THE DATA >>
== == ==
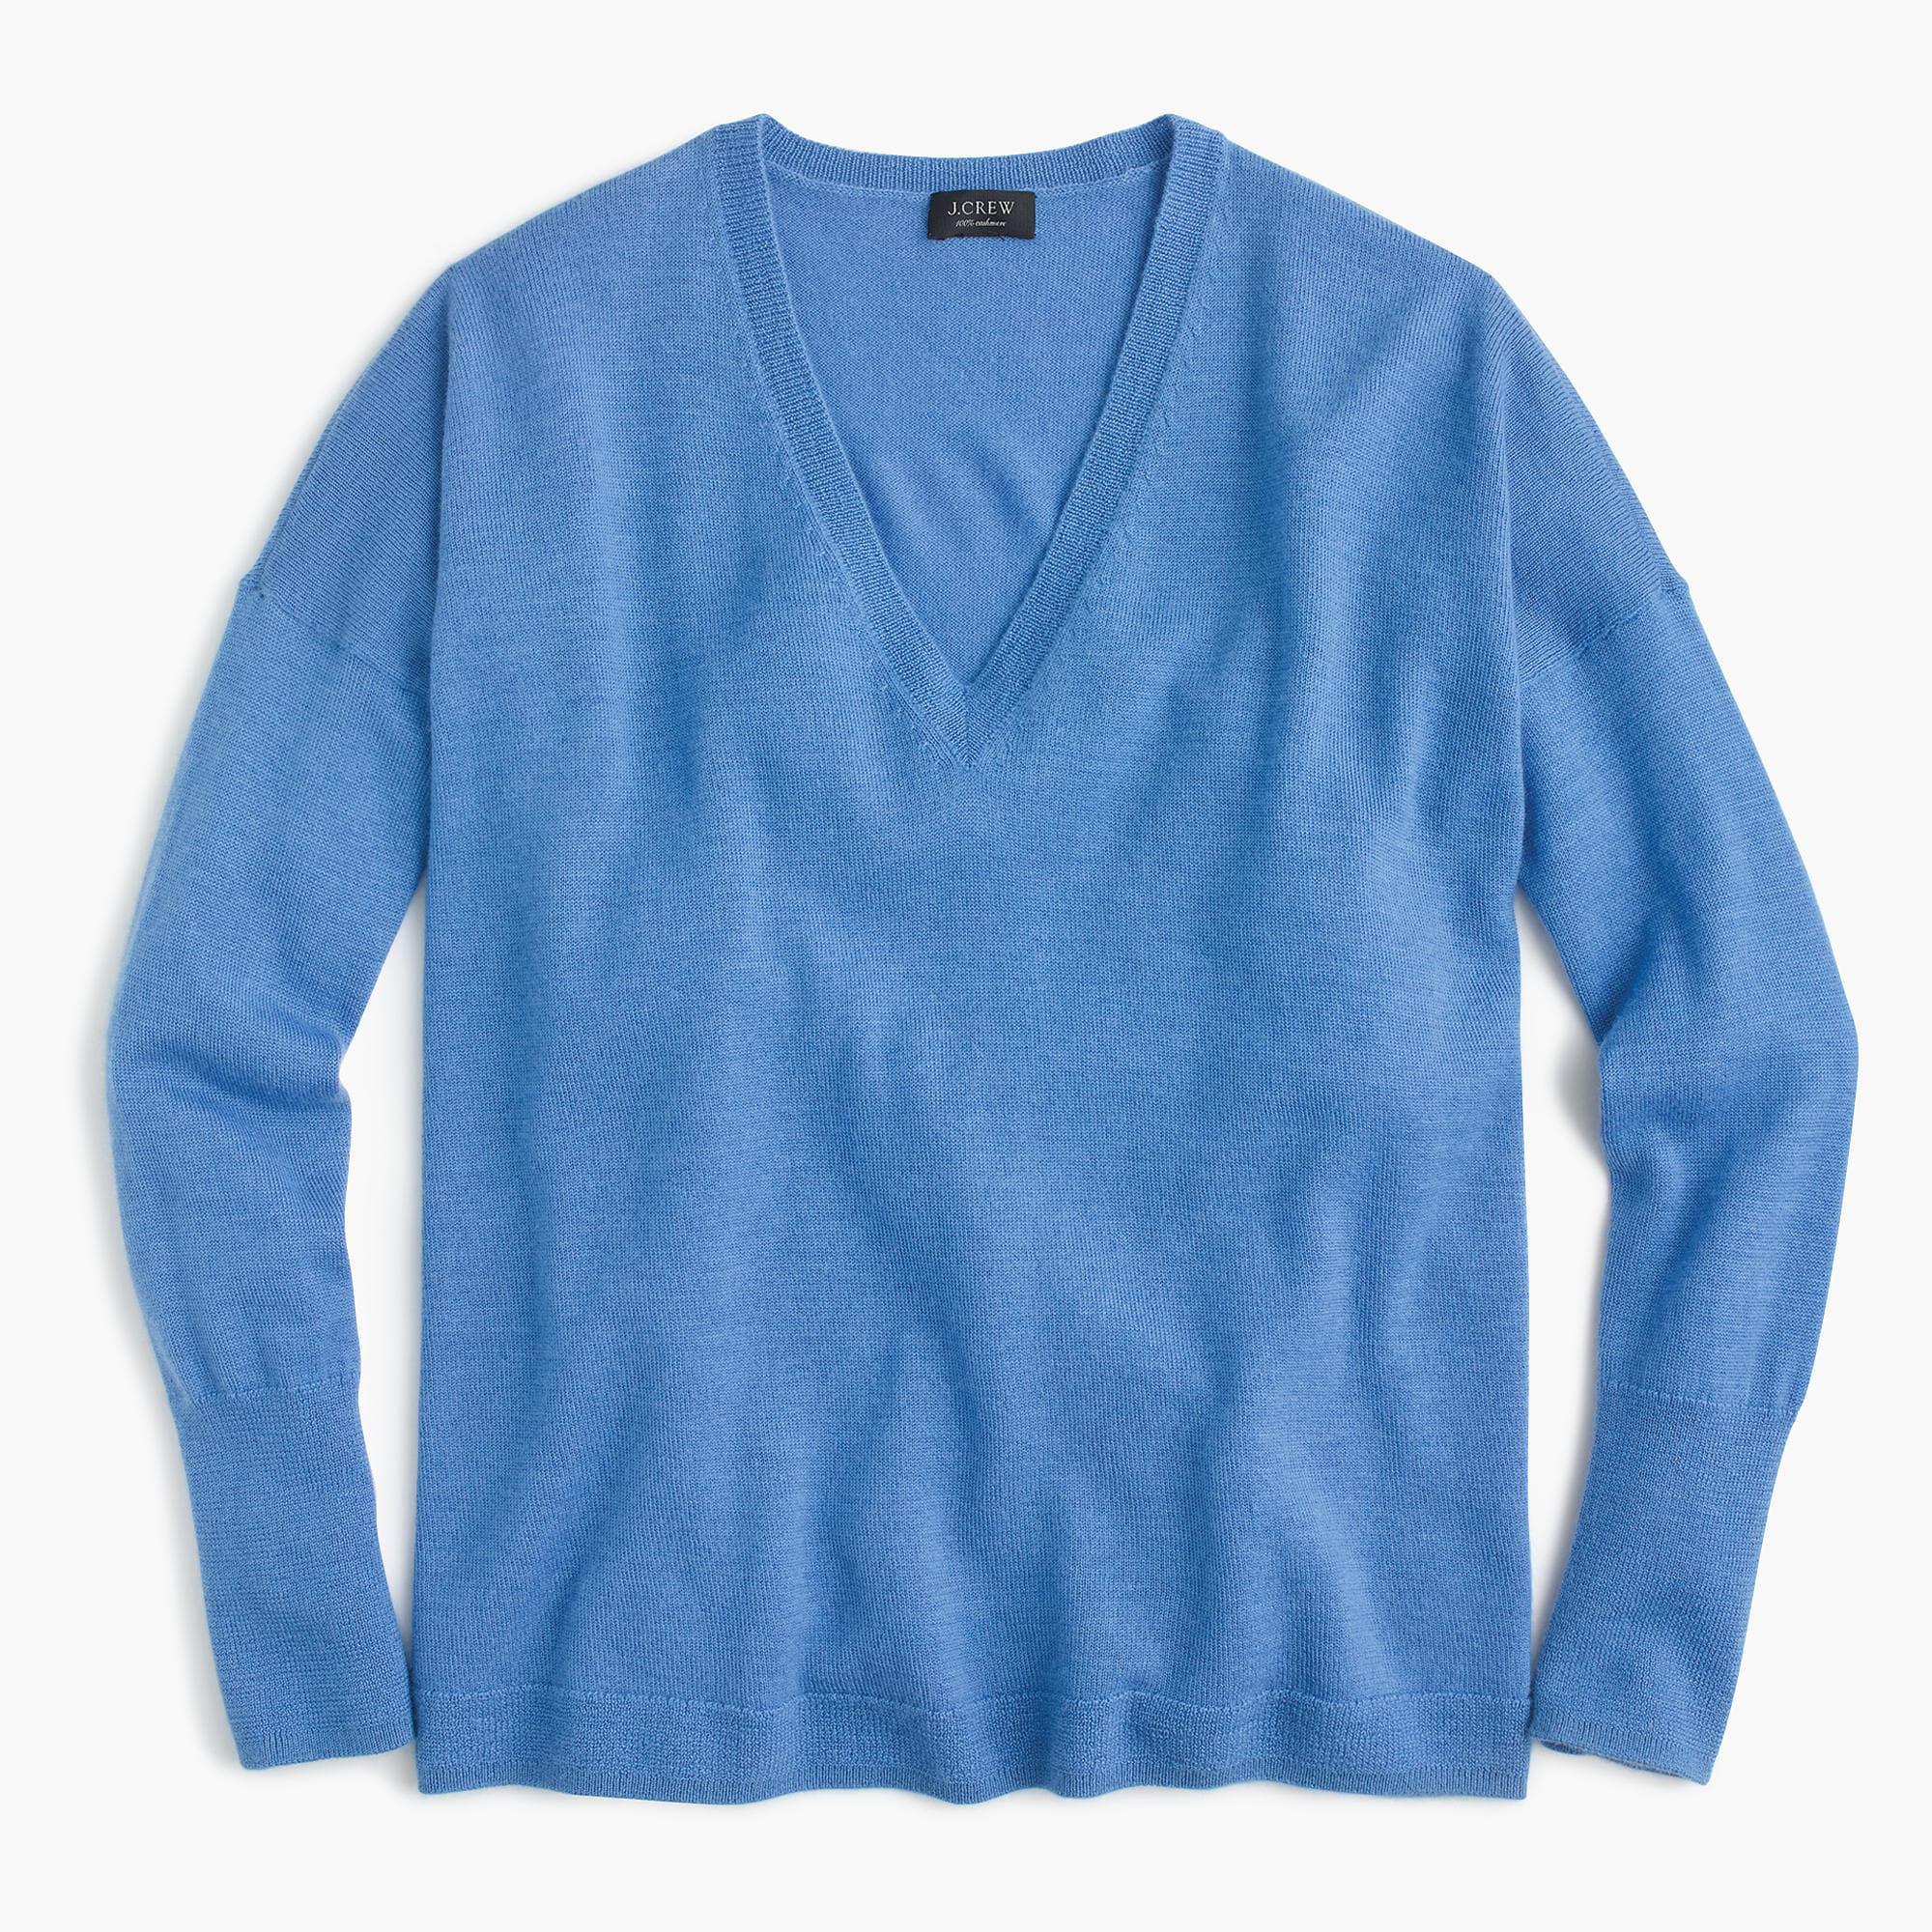 35e0bf534669 Lyst - J.Crew V-neck Boyfriend Sweater In Everyday Cashmere in Blue
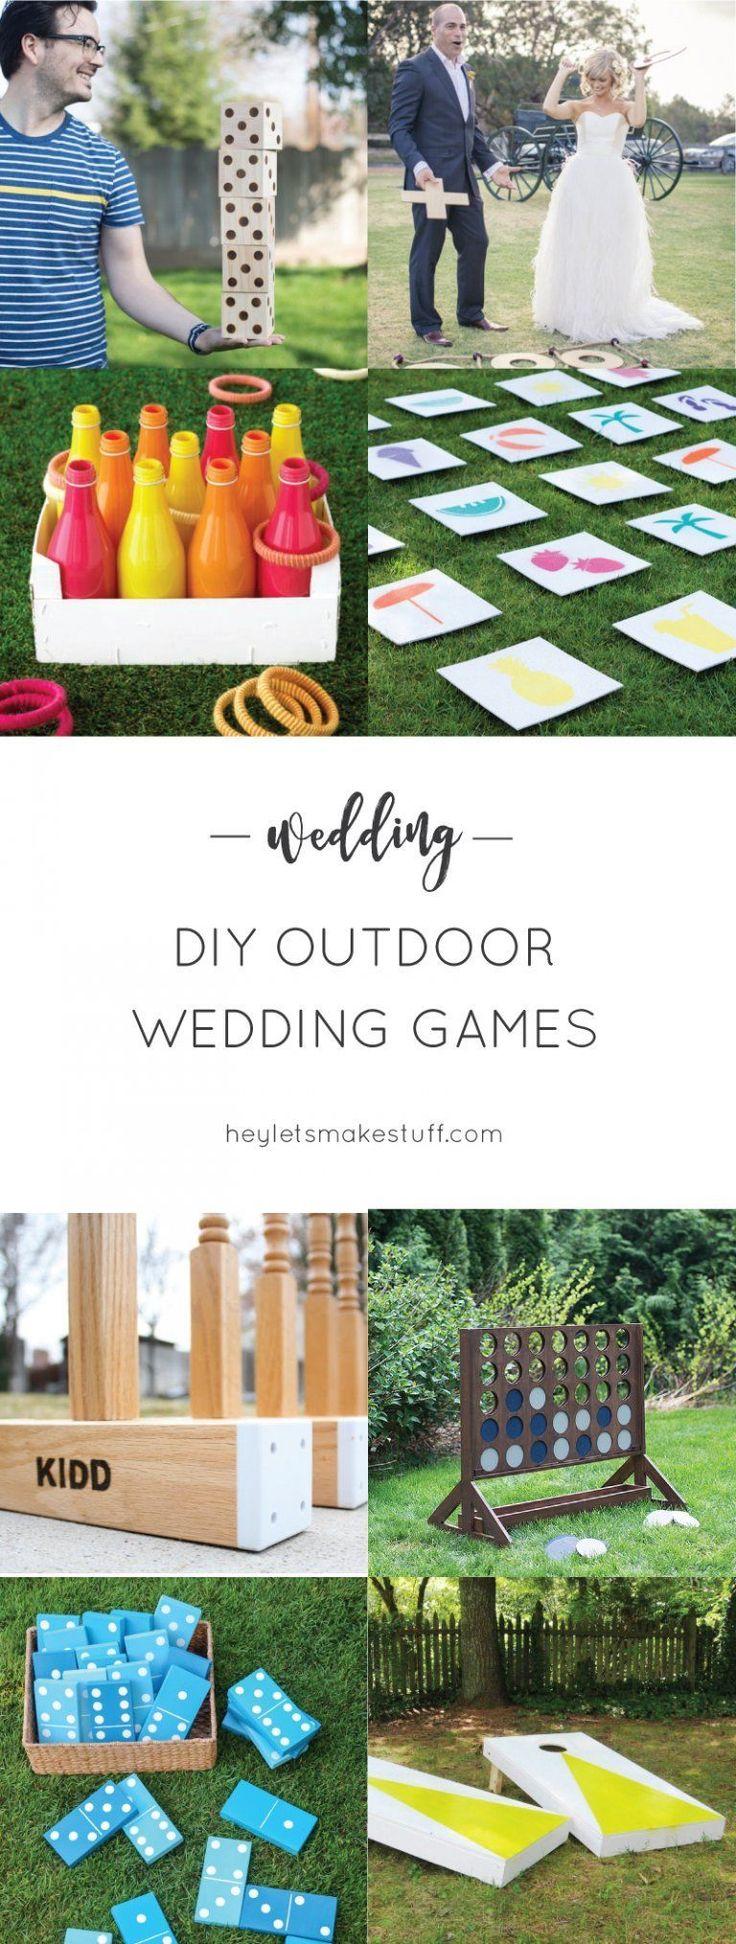 DIY Outdoor Wedding Games If you're having an …
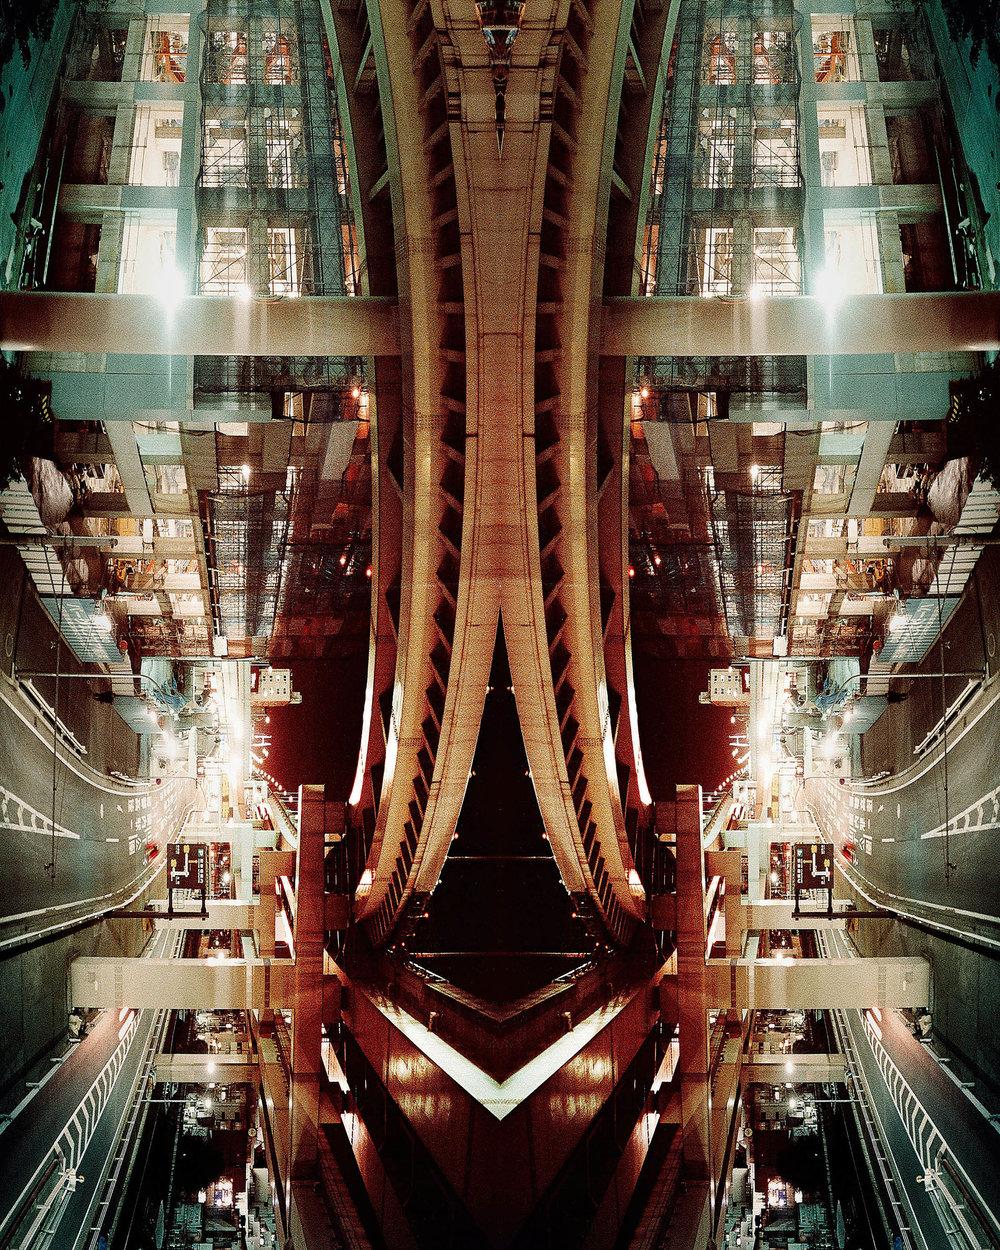 TOKYO MIRRORED - I
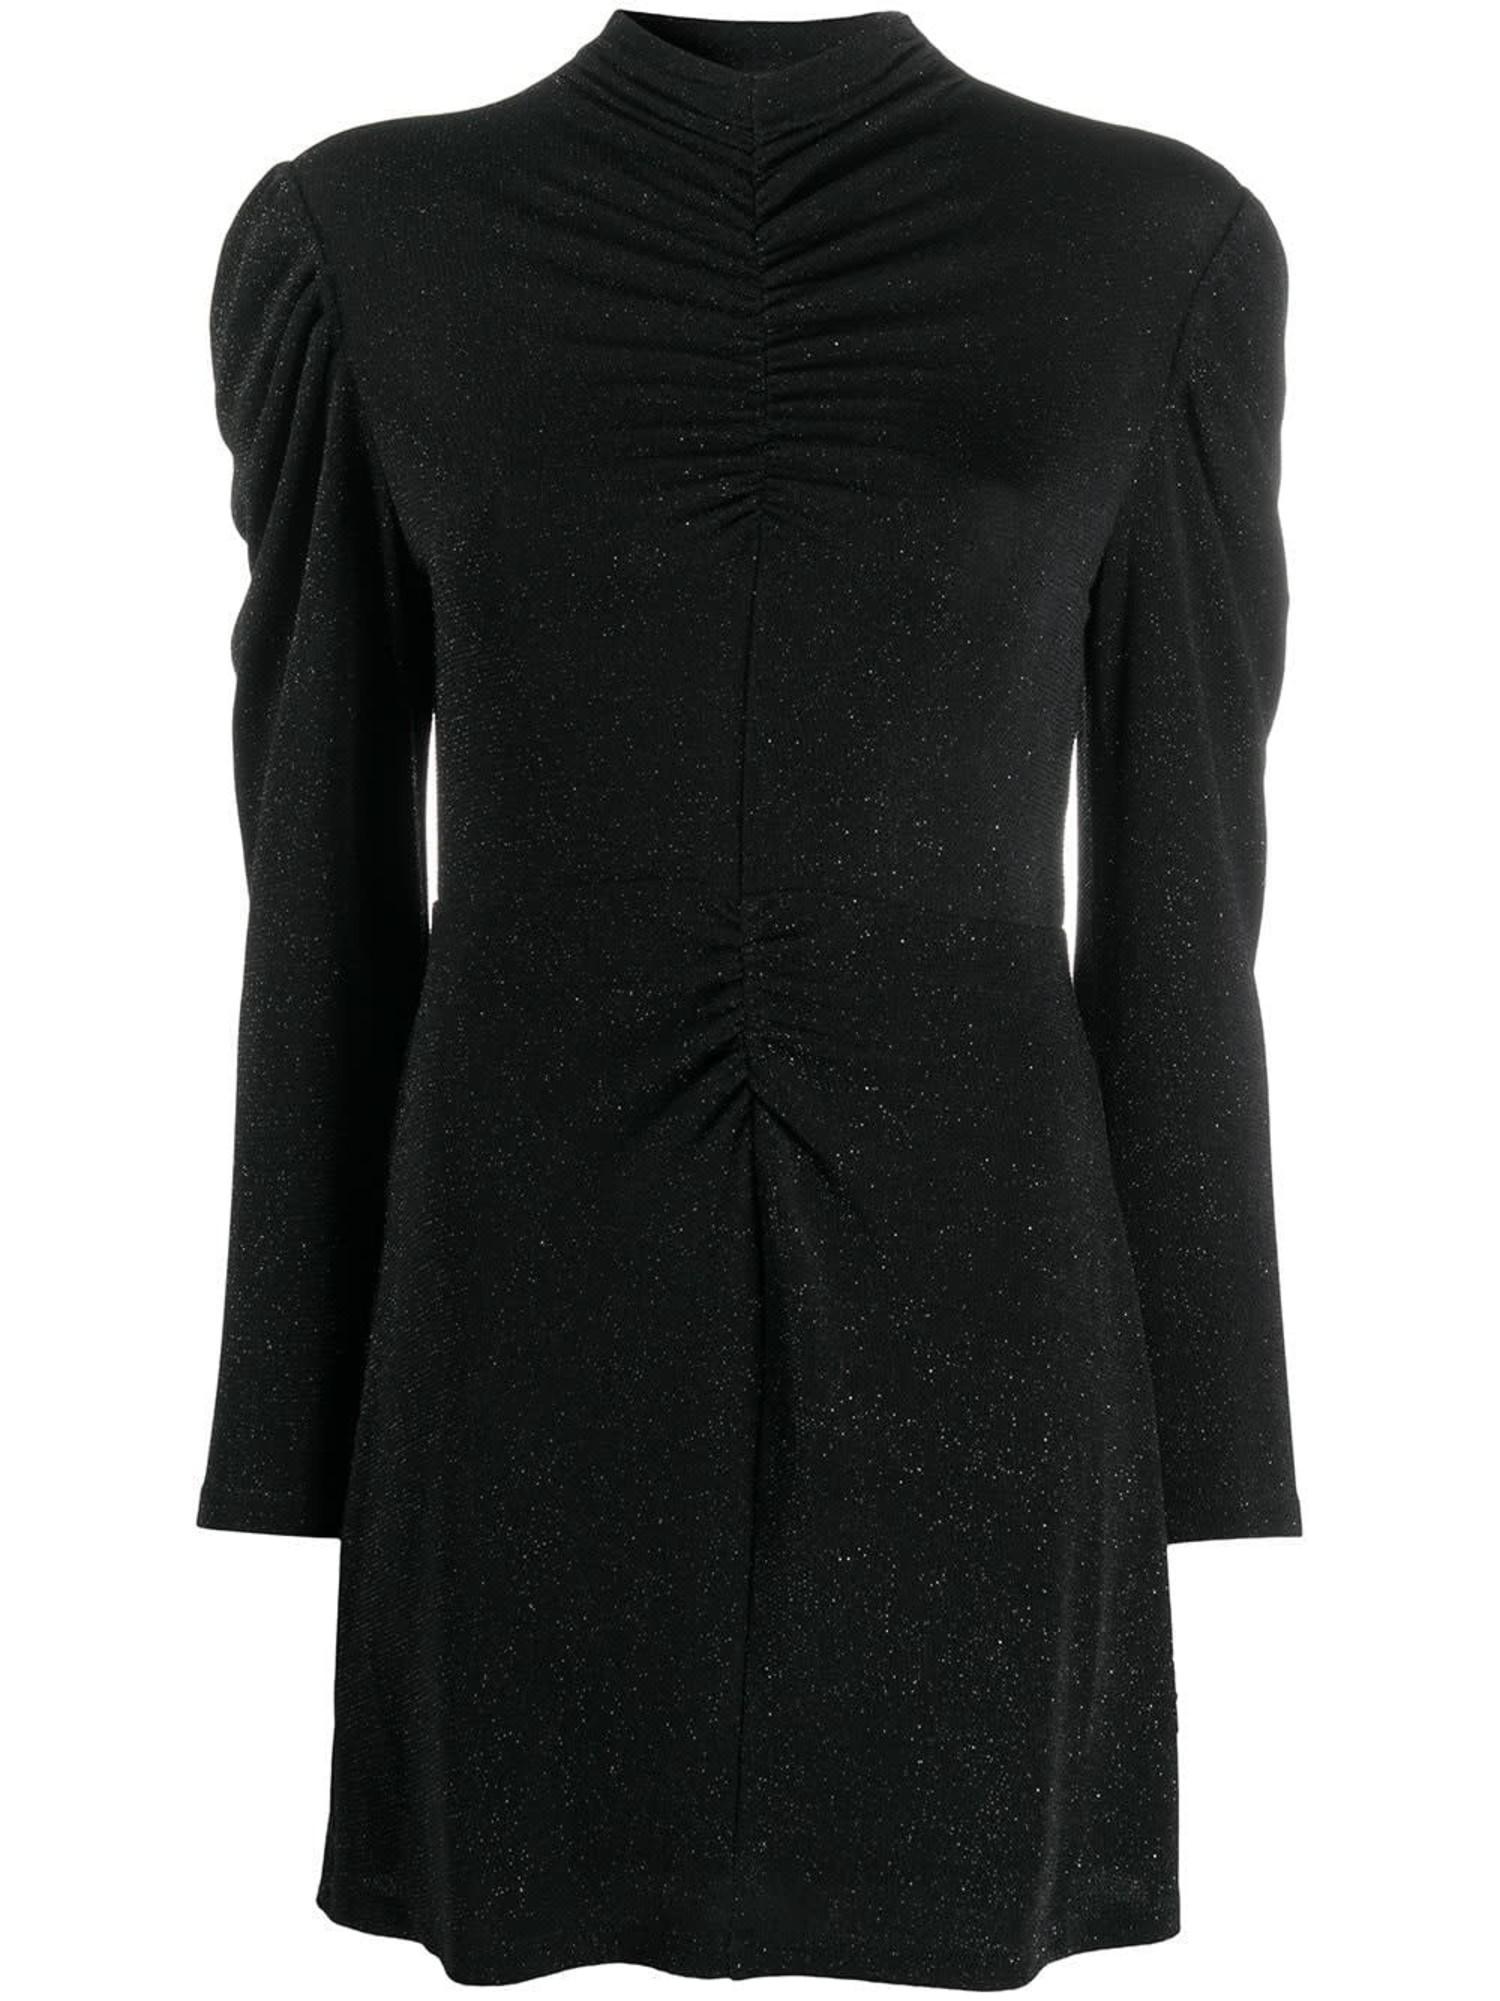 Iro Hasti Dress Billie Boutique
== == ==
TASK DETAILS >>
"DIY Outdoor Wedding" marks the first line to be returned; return exactly that line and every line after it through the last line of the listing, omitting pictures.

REPLY >>
 DIY Outdoor Wedding Games If you're having an …
 TOKYO MIRRORED - I
 Iro Hasti Dress Billie Boutique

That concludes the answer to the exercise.